The piece was originally published on MongoDB Blog.

FAQs

What is an AI stack? An AI stack, specifically a generative AI (GenAI) stack, refers to a comprehensive combination of tools, libraries, and solutions leveraged to create applications with generative AI capabilities. The components of the AI stack include programming languages, model providers, LLM frameworks, vector databases, operational databases, monitoring and evaluation tools, and deployment solutions.
How does the choice between open-source and closed-source models affect my AI project? The choice impacts your project’s development process, scalability, ethical considerations, and commercial flexibility. Factors such as resource availability, project requirements, cost, and privacy considerations will guide whether open-source or closed-source models are more suitable for your needs. Open-source models offer transparency and community collaboration, while closed-source models provide streamlined access to powerful AI capabilities through APIs but with more restricted control.
What role do programming languages play in the AI Stack Programming languages are crucial in determining the selection of stack components and the overall architecture of the application developed. Python, JavaScript, and TypeScript are prominent choices due to their extensive support for AI and data science libraries, as well as their flexibility and readability.

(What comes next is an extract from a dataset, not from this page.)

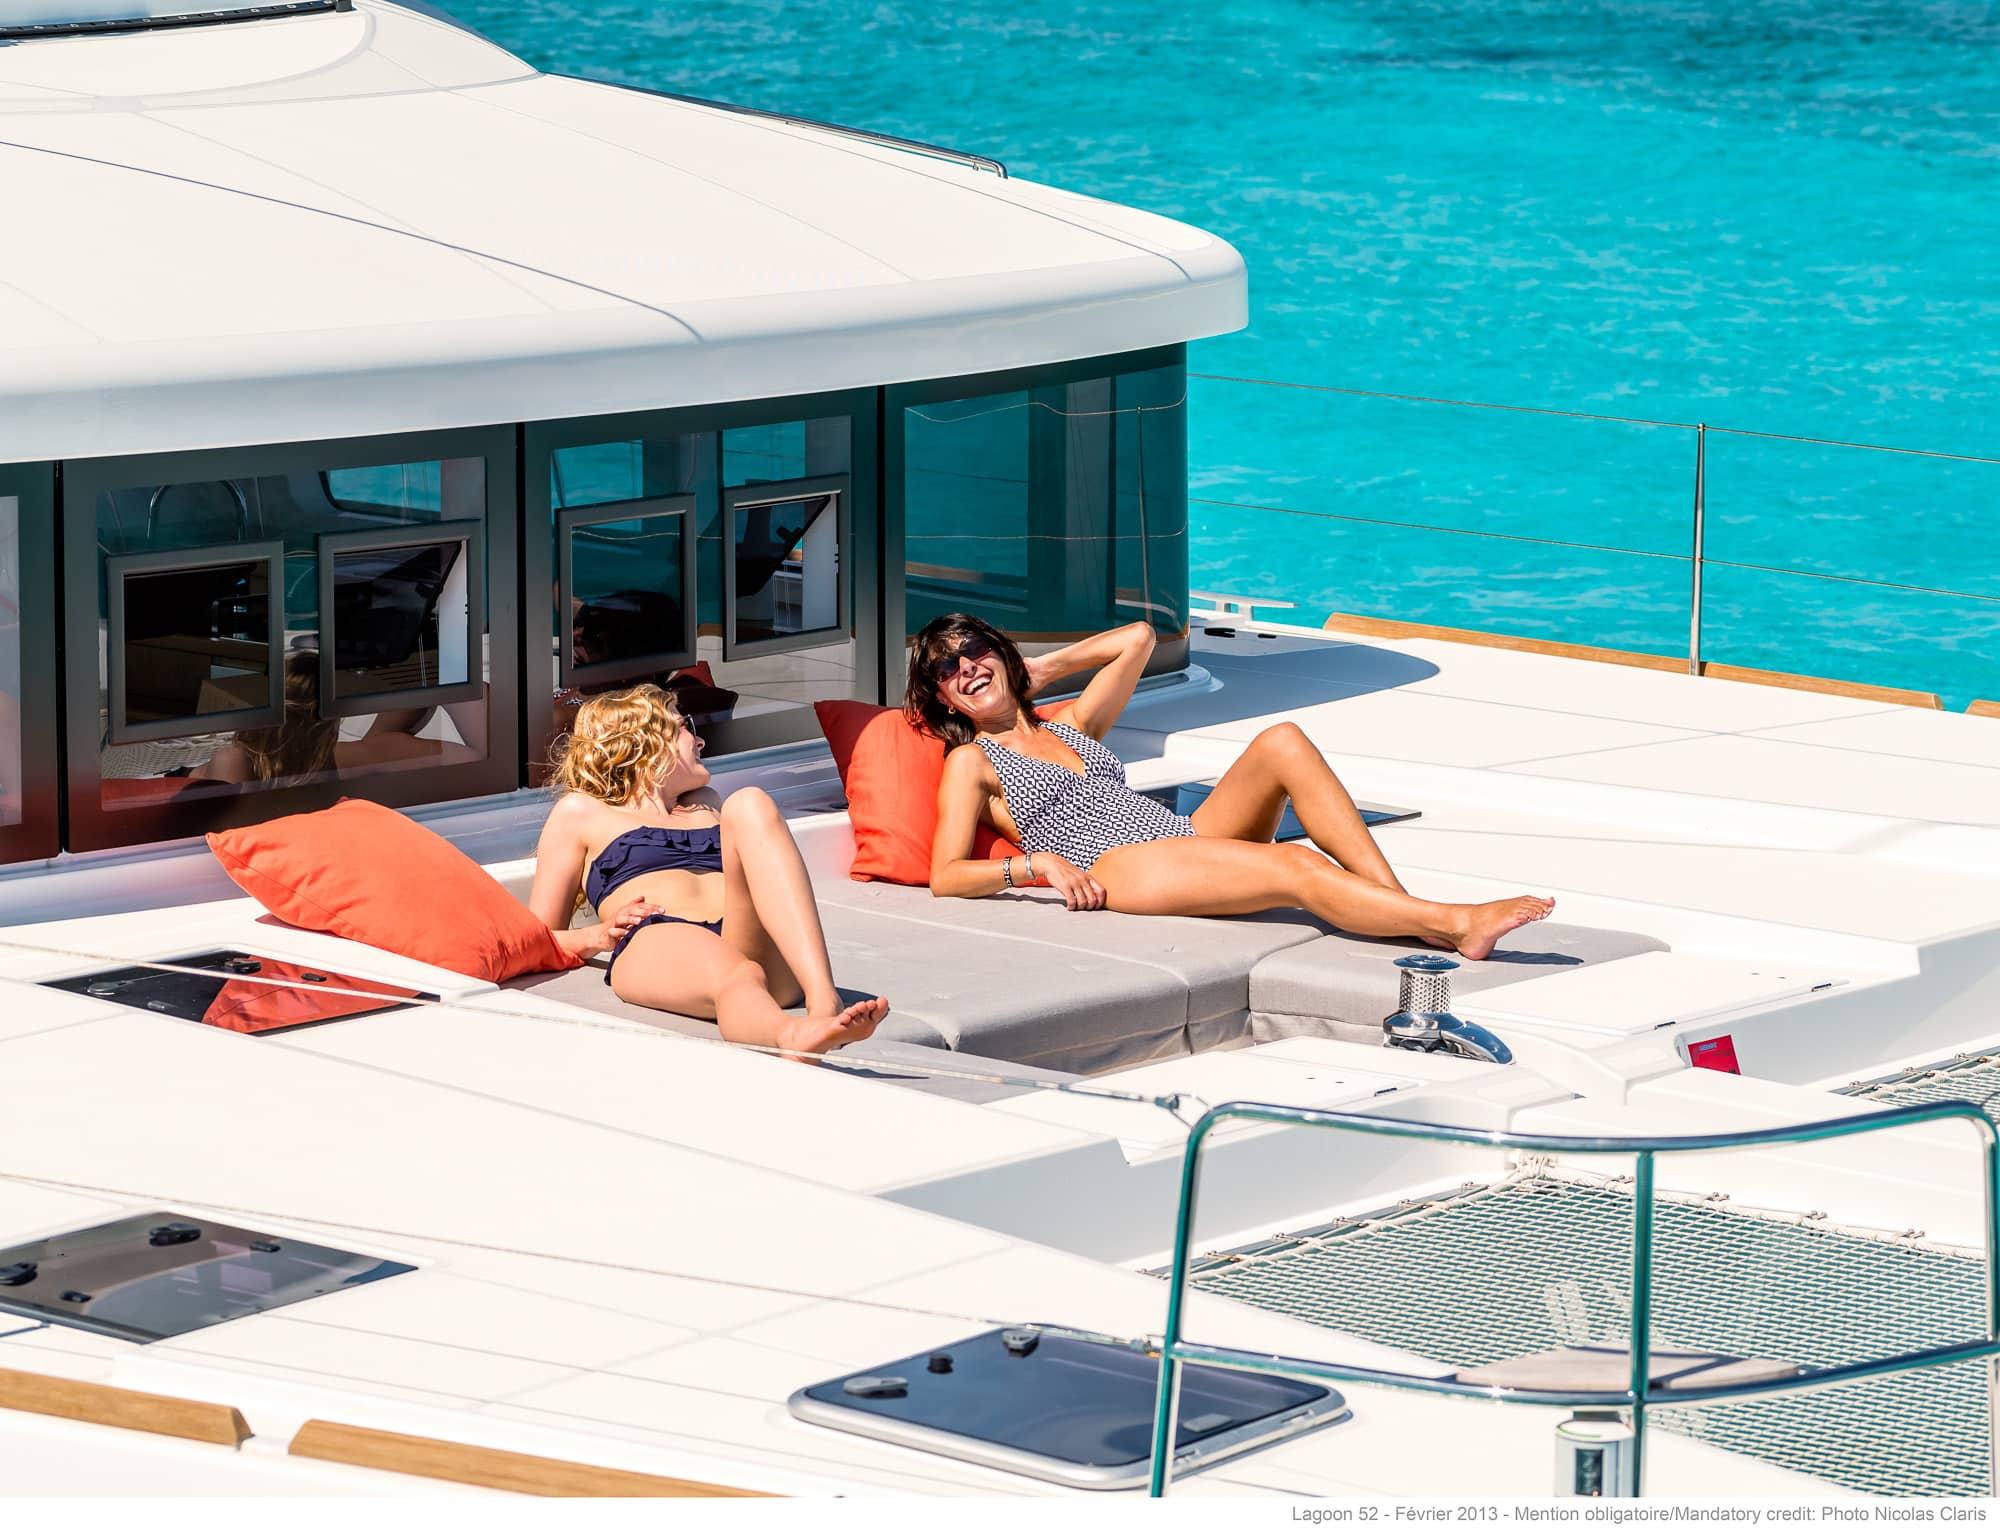 lagoon 52 f-yacht-charter-croatia-sailing-holidays-croatia-booking-yacht-charter-croatia-catamarans-sailboats-motorboats-gulets-luxury-yachts-boat-rental-croatia 7
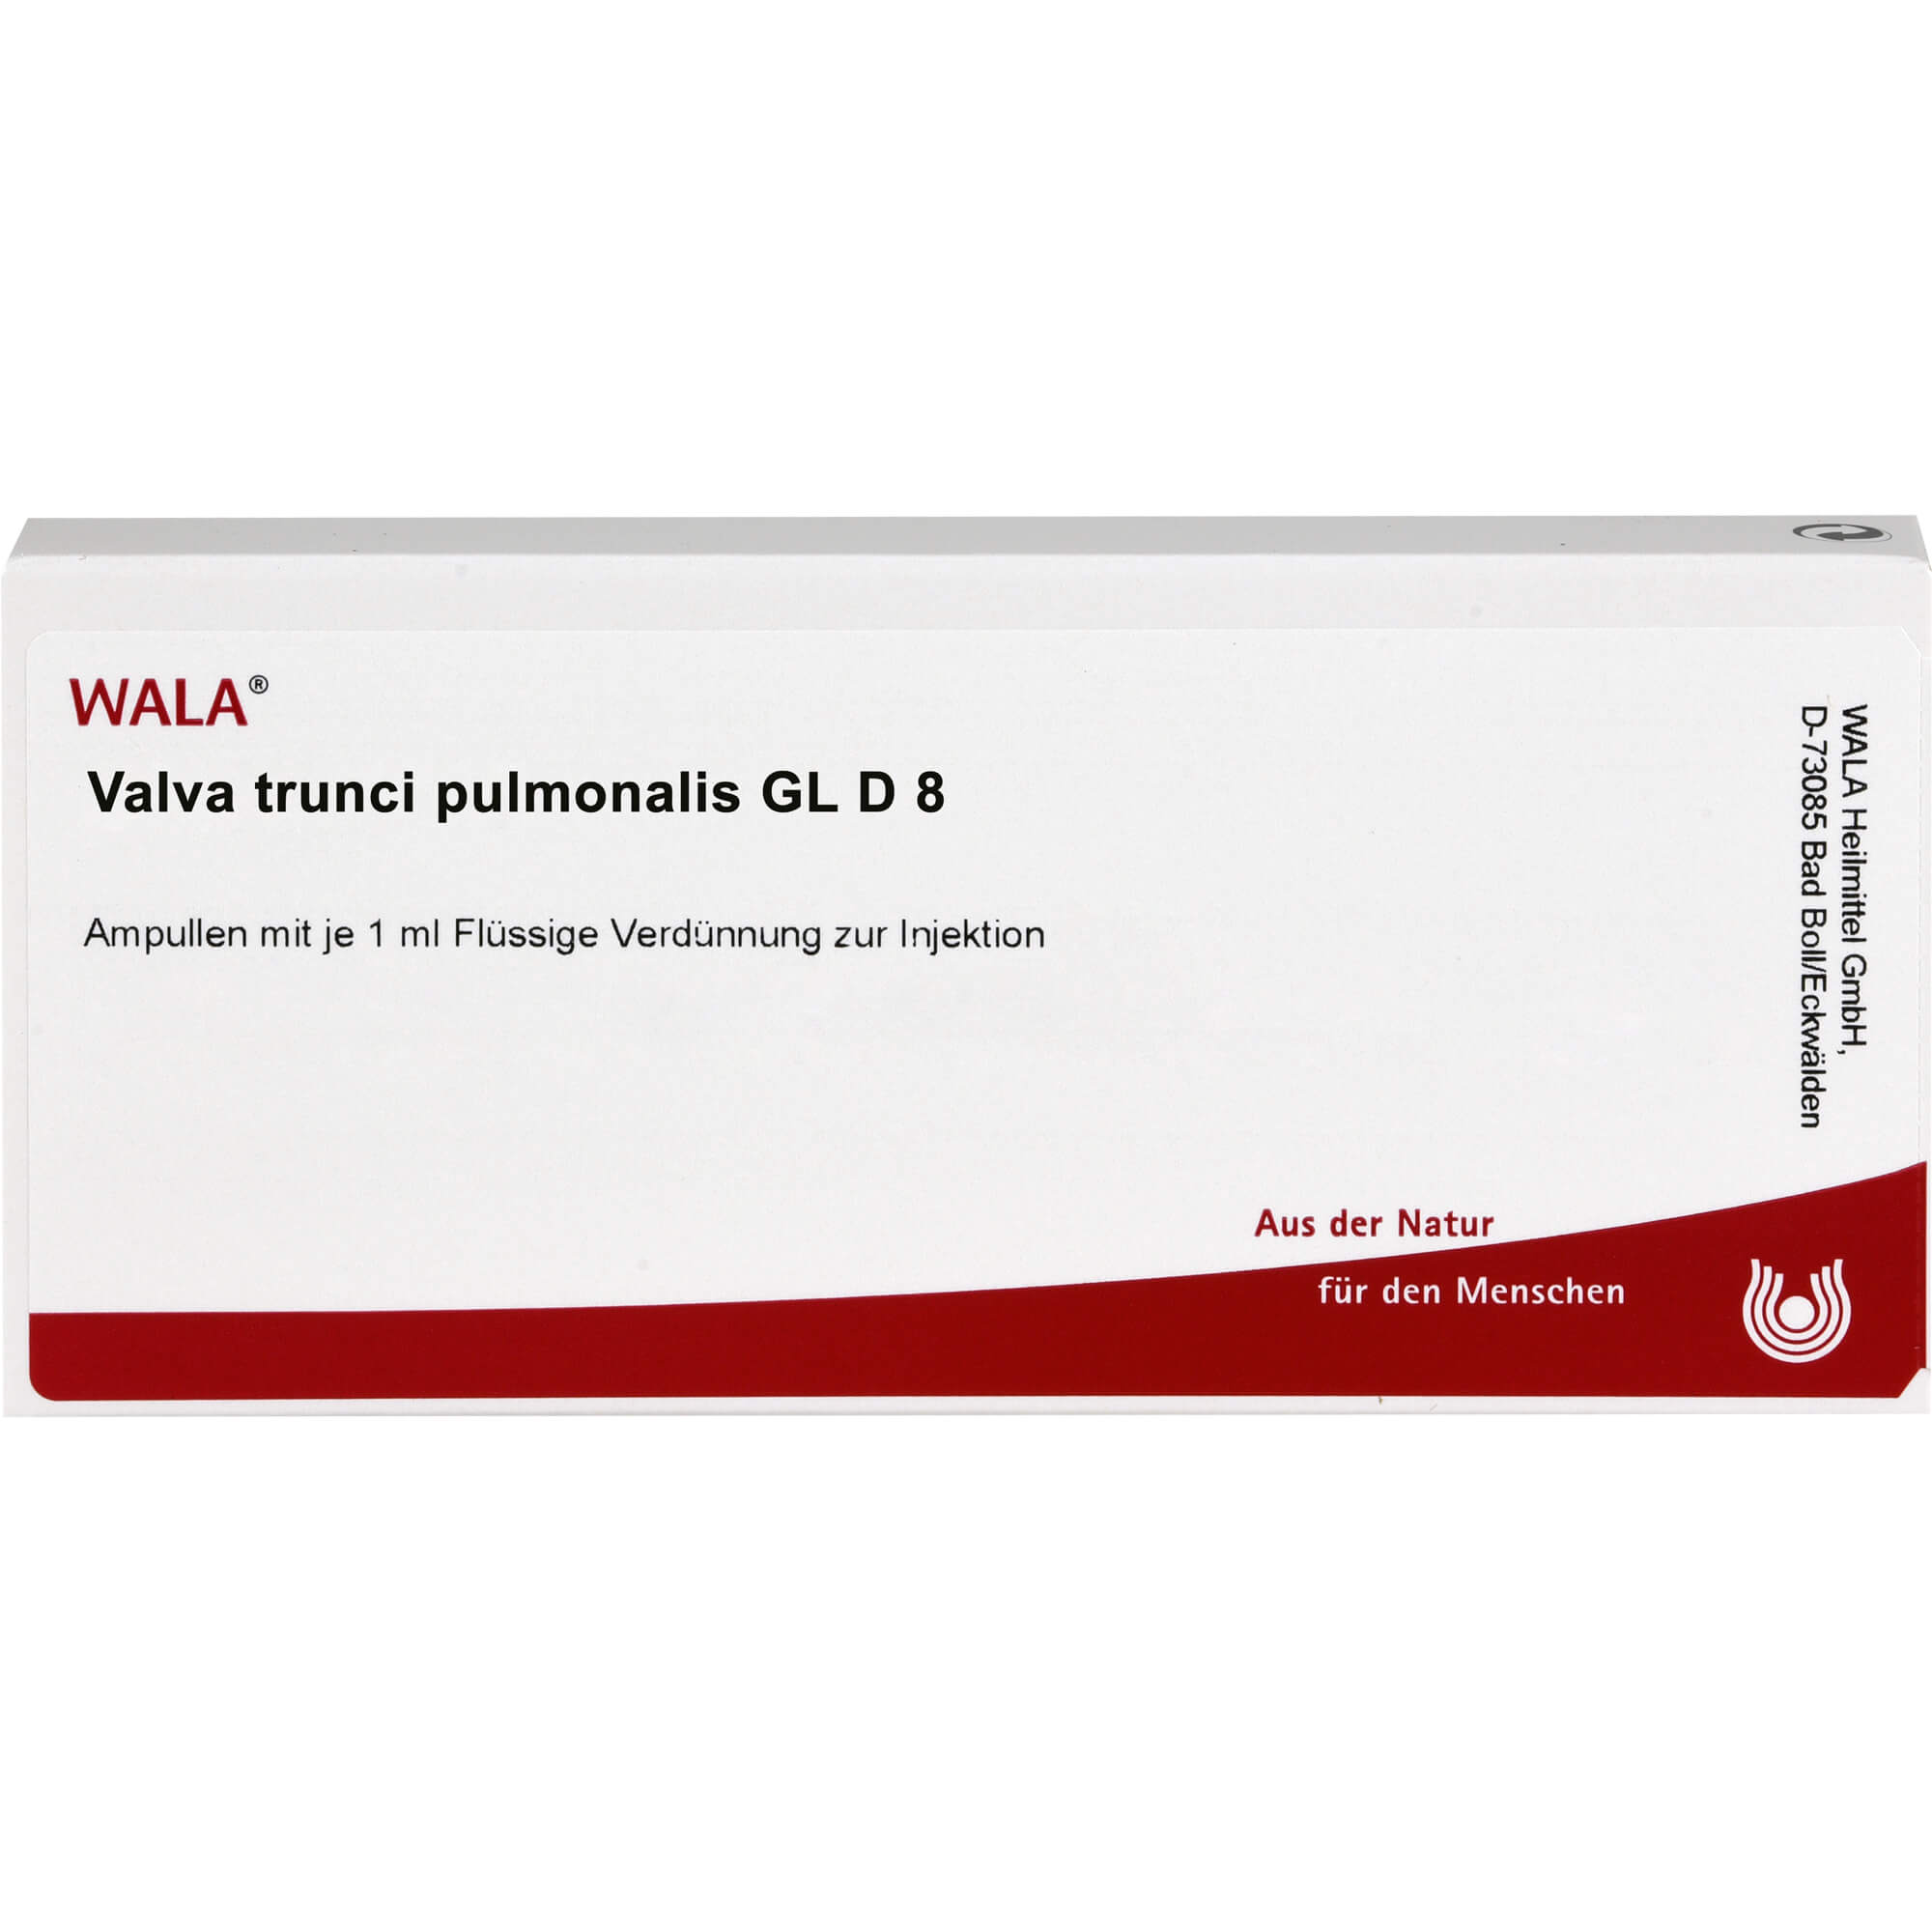 VALVA trunci pulmonalis GL D 8 Ampullen

How do LLM frameworks simplify AI application development? LLM frameworks, like LlamaIndex and LangChain, abstract complex development processes involved in creating LLM-powered AI applications. They facilitate connections between vector databases and LLMs, implement prompt engineering techniques, and manage data indexing and ingestion, reducing the need for extensive coding.
Why is MongoDB a popular choice for AI applications? MongoDB is a developer data platform that manages and stores vector and operational data. It offers robust data management and search capabilities. MongoDB supports the real-time processing needs of modern AI applications, handles unstructured data efficiently, and integrates well with LLM orchestrators and frameworks.